Source material: Begin
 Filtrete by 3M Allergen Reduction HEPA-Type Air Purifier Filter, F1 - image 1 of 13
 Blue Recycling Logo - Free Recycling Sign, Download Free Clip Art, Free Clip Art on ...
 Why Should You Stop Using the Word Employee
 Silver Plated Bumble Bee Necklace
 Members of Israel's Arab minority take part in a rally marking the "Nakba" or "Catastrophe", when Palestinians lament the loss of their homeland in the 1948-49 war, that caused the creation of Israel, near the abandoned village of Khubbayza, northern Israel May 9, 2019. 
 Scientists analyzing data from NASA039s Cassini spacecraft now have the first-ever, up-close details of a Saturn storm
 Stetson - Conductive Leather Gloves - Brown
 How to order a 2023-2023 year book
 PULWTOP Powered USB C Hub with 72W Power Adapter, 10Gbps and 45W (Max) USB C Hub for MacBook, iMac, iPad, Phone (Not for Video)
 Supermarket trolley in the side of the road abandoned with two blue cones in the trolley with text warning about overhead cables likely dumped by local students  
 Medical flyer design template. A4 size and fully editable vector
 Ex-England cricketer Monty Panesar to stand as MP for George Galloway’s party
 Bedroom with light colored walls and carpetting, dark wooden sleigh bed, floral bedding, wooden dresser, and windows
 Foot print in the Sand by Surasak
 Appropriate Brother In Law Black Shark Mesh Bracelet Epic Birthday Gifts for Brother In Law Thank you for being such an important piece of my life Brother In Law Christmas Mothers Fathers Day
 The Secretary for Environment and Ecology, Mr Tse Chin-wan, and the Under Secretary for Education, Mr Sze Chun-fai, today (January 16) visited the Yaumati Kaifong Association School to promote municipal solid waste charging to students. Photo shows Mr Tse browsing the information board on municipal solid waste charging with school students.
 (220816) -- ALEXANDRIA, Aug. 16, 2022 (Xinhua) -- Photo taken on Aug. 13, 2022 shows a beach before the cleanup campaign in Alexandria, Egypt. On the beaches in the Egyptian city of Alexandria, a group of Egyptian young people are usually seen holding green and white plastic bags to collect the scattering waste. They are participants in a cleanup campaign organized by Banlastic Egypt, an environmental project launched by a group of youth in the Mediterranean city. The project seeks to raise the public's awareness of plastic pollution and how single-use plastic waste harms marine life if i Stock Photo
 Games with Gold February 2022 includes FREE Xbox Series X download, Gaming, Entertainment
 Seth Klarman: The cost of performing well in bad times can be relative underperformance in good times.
Source material: End
Reproduce the lines above, beginning at the line with "Stetson - Conductive Leather Gloves - Brown" and stopping after the line with "Foot print in the Sand by Surasak", exactly as they are.

[Task result]
 Stetson - Conductive Leather Gloves - Brown
 How to order a 2023-2023 year book
 PULWTOP Powered USB C Hub with 72W Power Adapter, 10Gbps and 45W (Max) USB C Hub for MacBook, iMac, iPad, Phone (Not for Video)
 Supermarket trolley in the side of the road abandoned with two blue cones in the trolley with text warning about overhead cables likely dumped by local students  
 Medical flyer design template. A4 size and fully editable vector
 Ex-England cricketer Monty Panesar to stand as MP for George Galloway’s party
 Bedroom with light colored walls and carpetting, dark wooden sleigh bed, floral bedding, wooden dresser, and windows
 Foot print in the Sand by Surasak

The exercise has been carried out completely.